**Activity:** All pictures are to be omitted while the lines starting at the line with "alma-5-deliverance-rebirth" and ending at the line with "rier coat black - ステンカラーコート" in the material below are retyped exactly, both ends included.

**Dataset:**
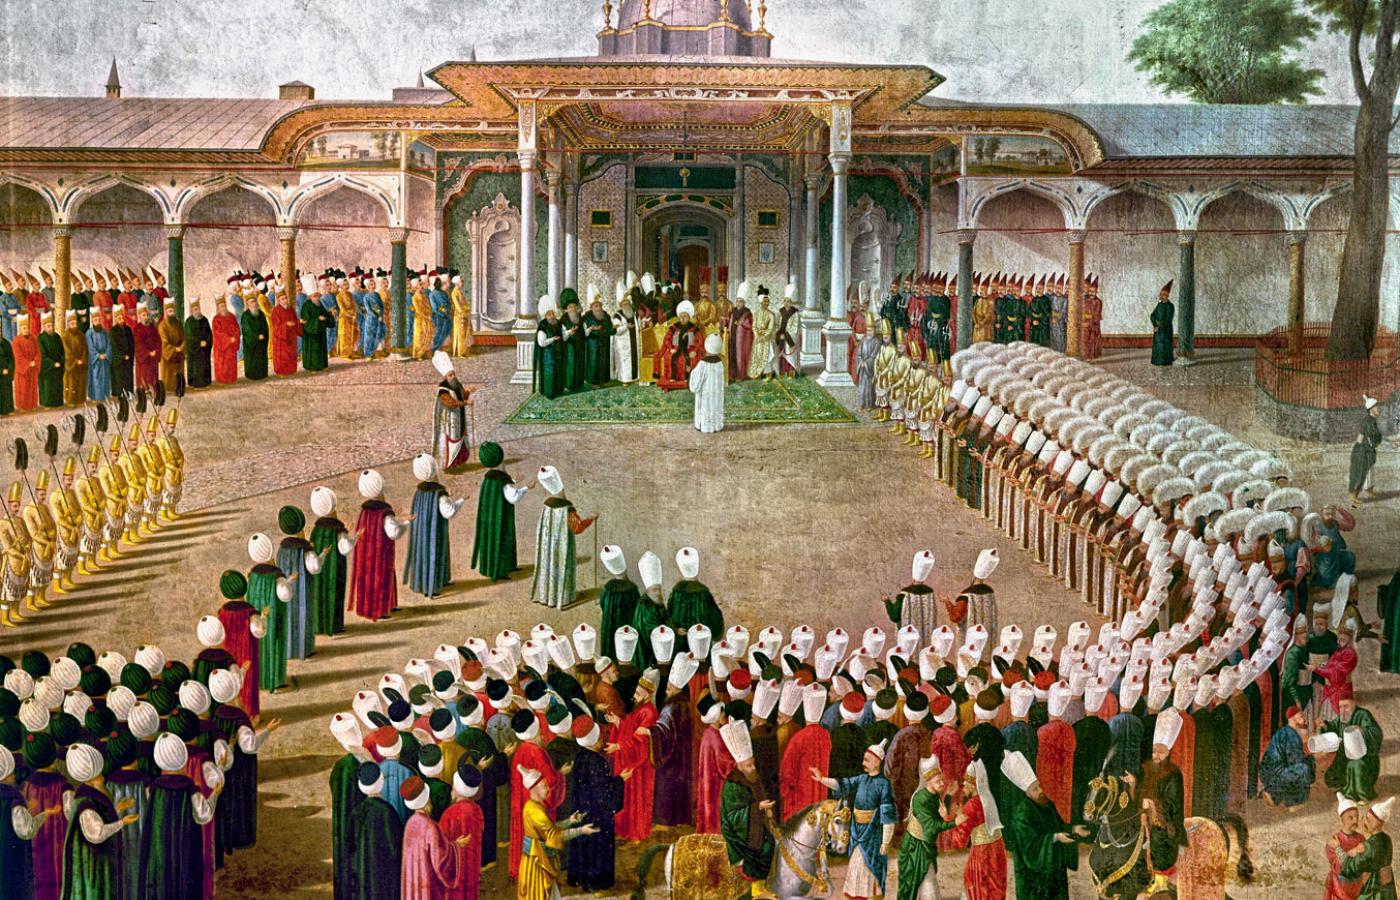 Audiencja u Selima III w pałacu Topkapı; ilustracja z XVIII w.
---
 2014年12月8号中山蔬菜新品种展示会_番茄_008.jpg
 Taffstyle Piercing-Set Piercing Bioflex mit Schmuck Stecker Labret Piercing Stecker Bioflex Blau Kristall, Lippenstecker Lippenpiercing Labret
--
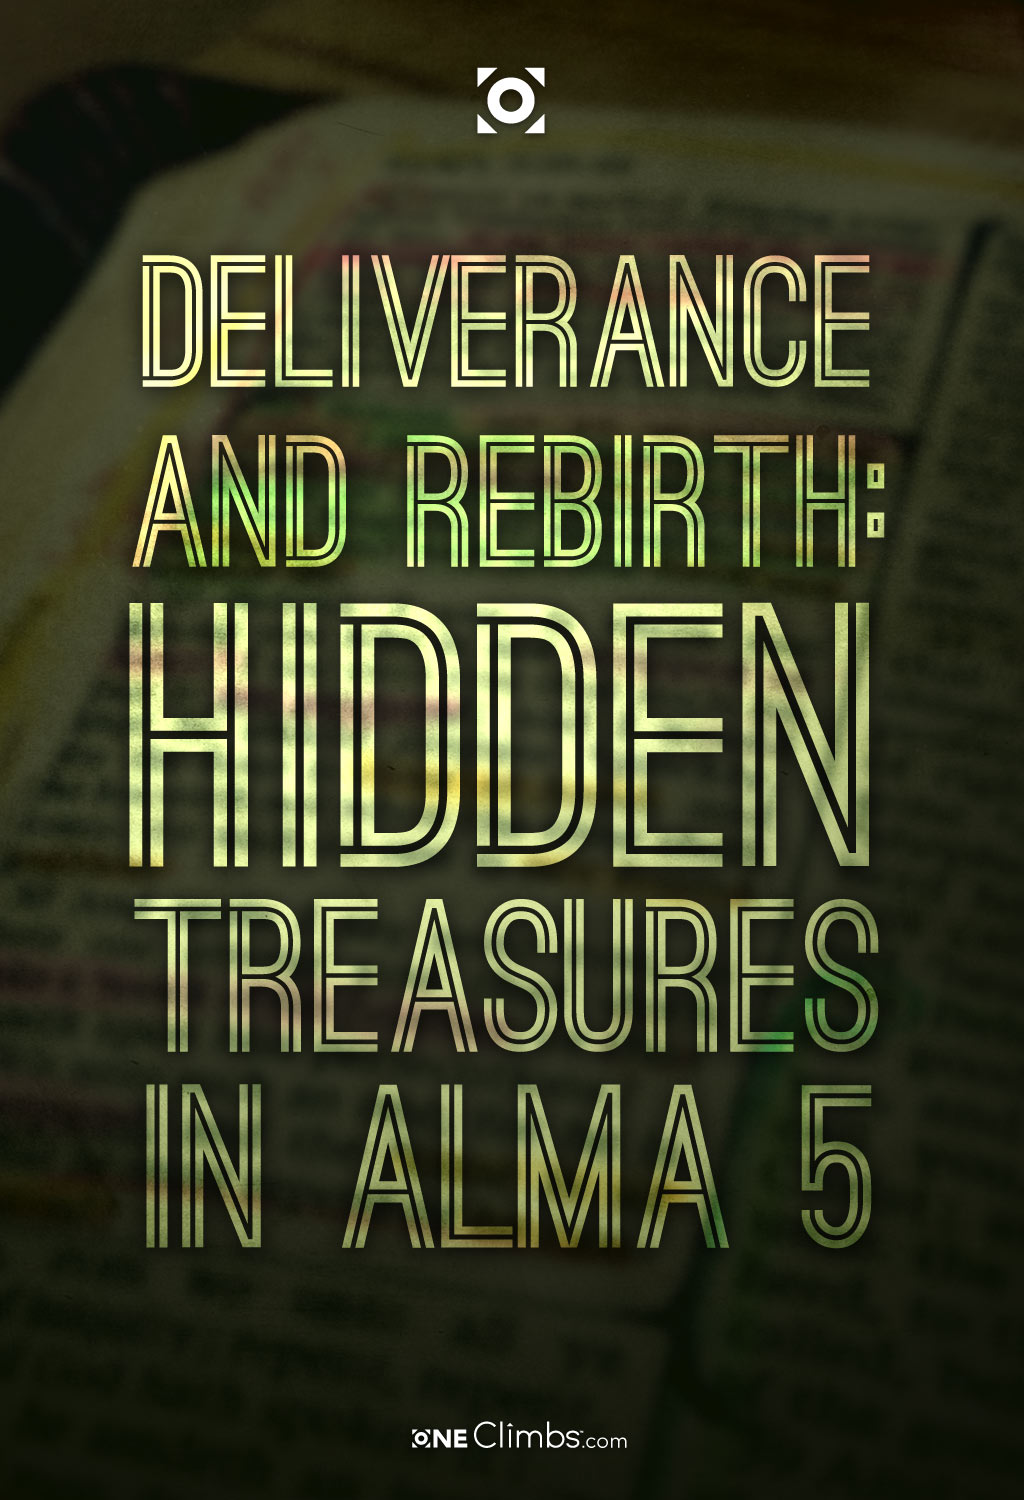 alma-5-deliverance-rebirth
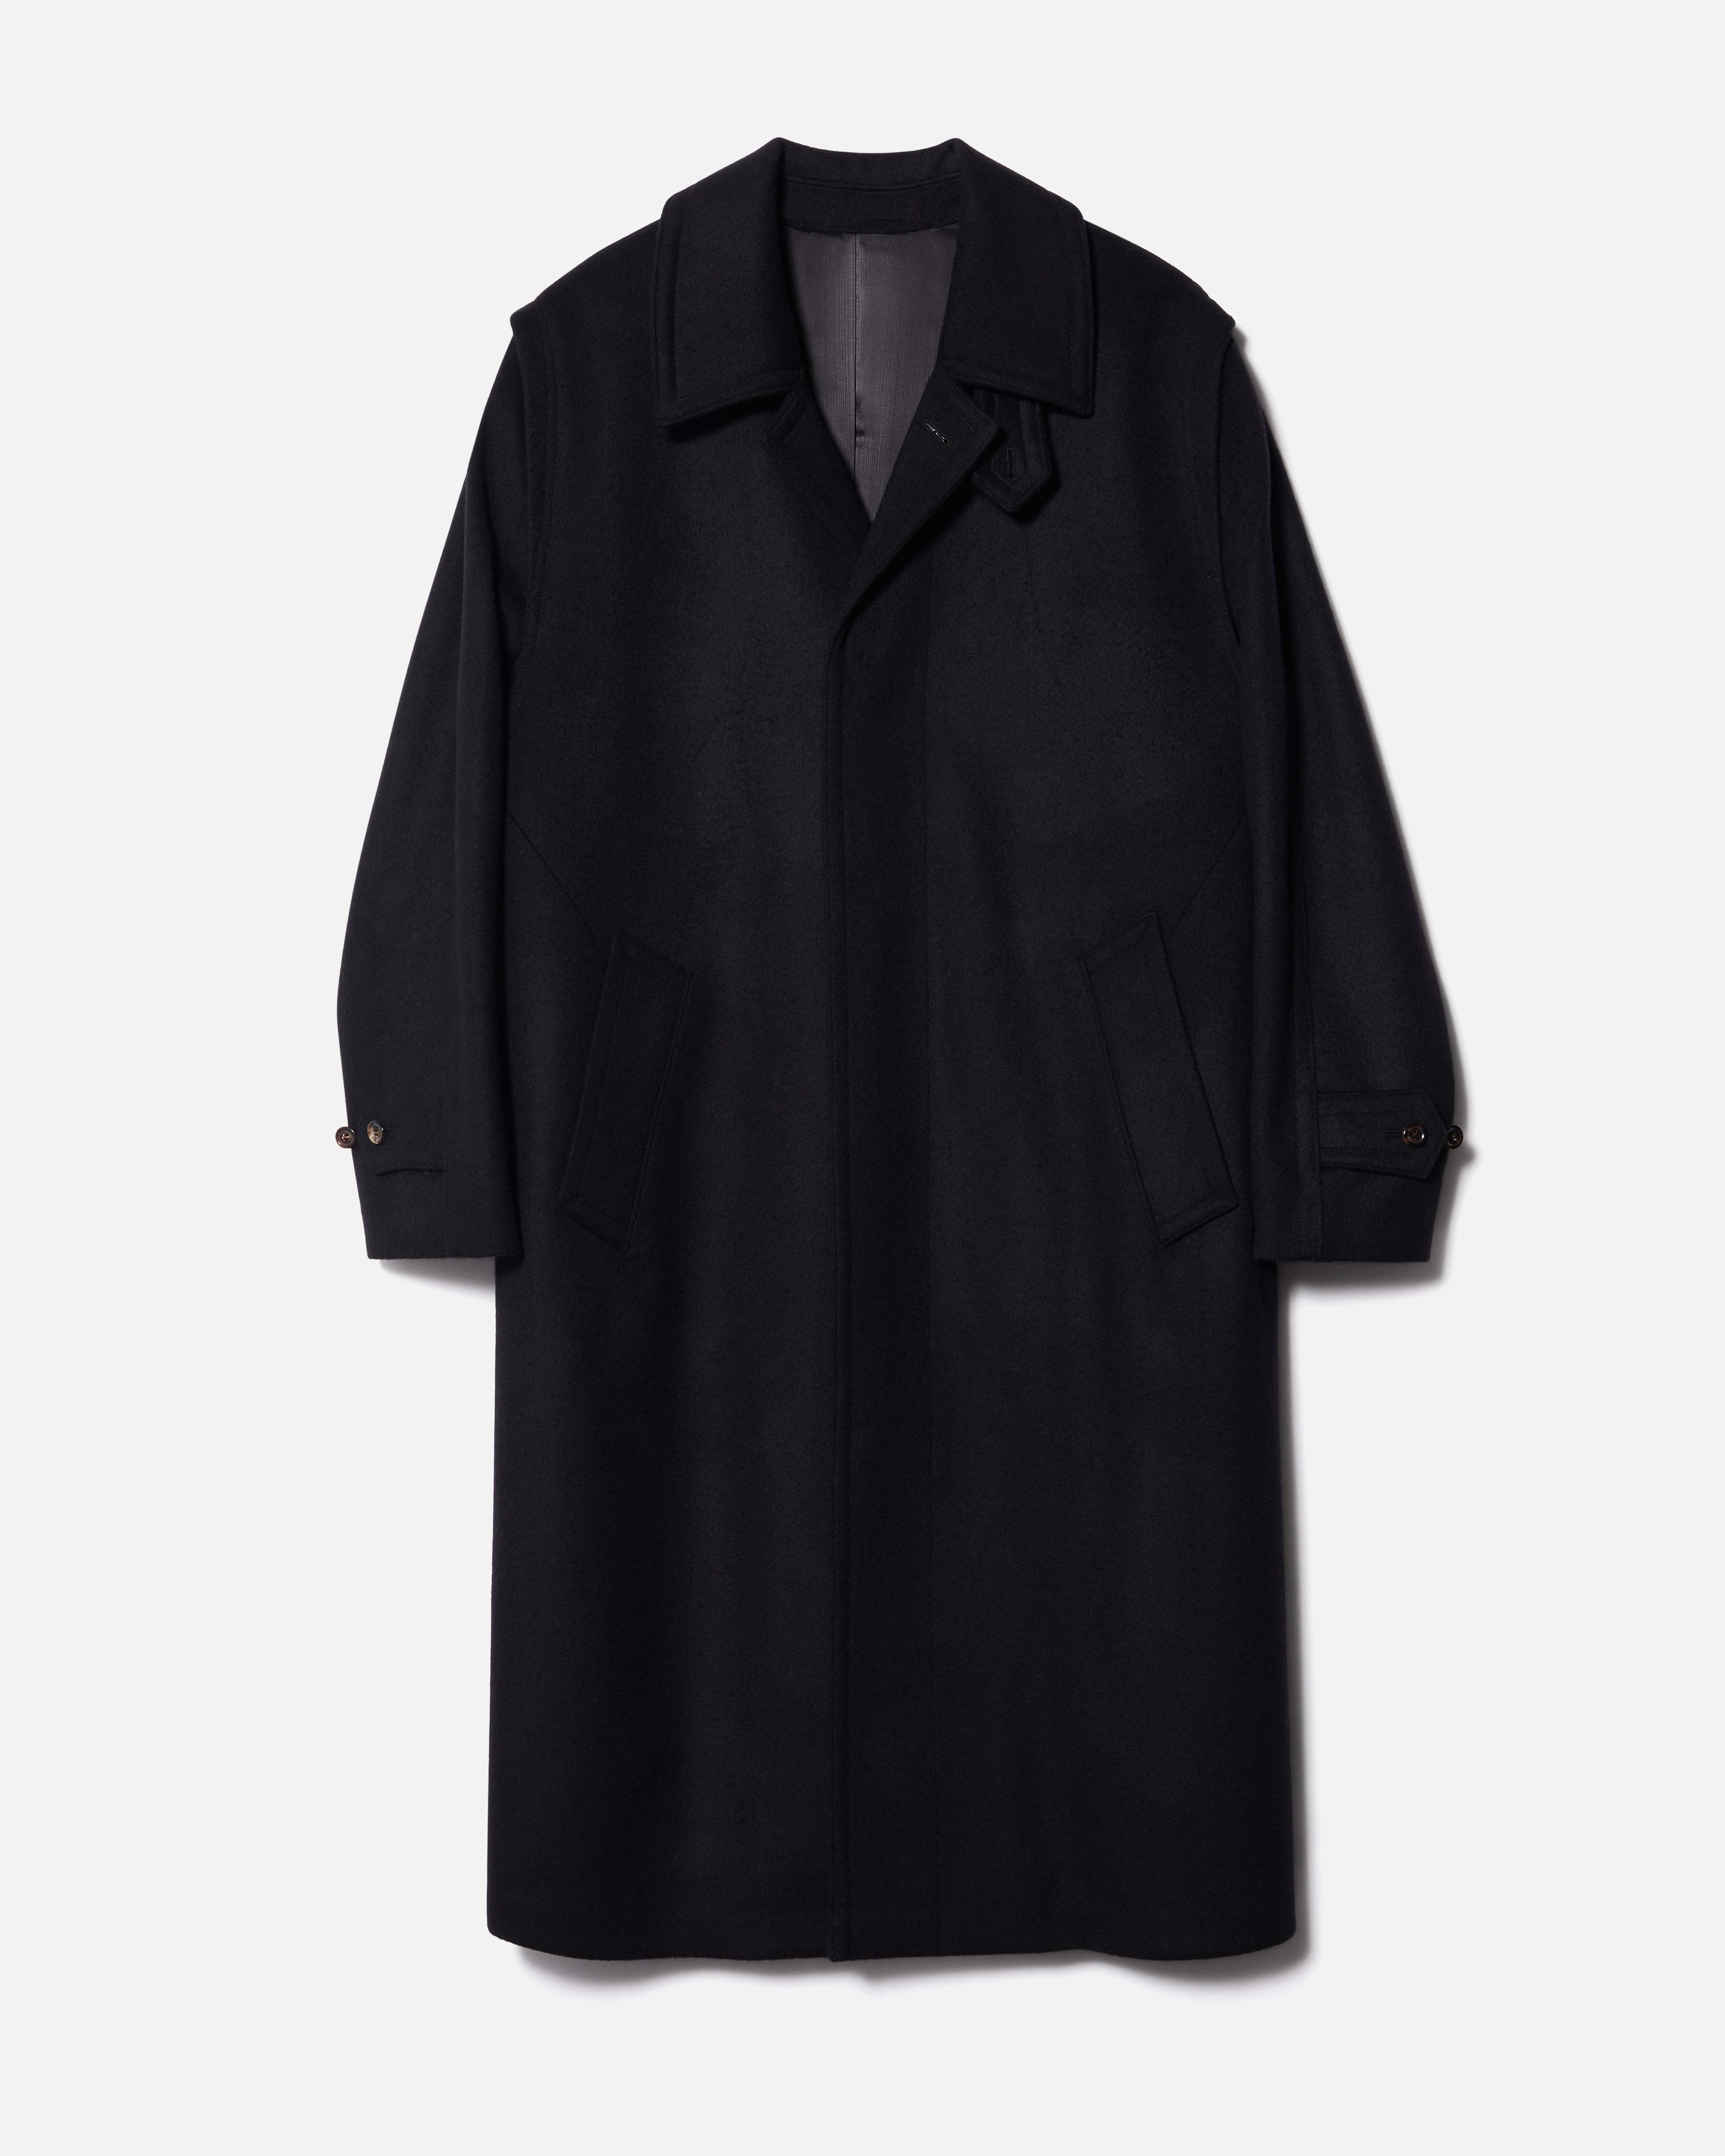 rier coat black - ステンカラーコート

**Exercise result:**
 alma-5-deliverance-rebirth
 rier coat black - ステンカラーコート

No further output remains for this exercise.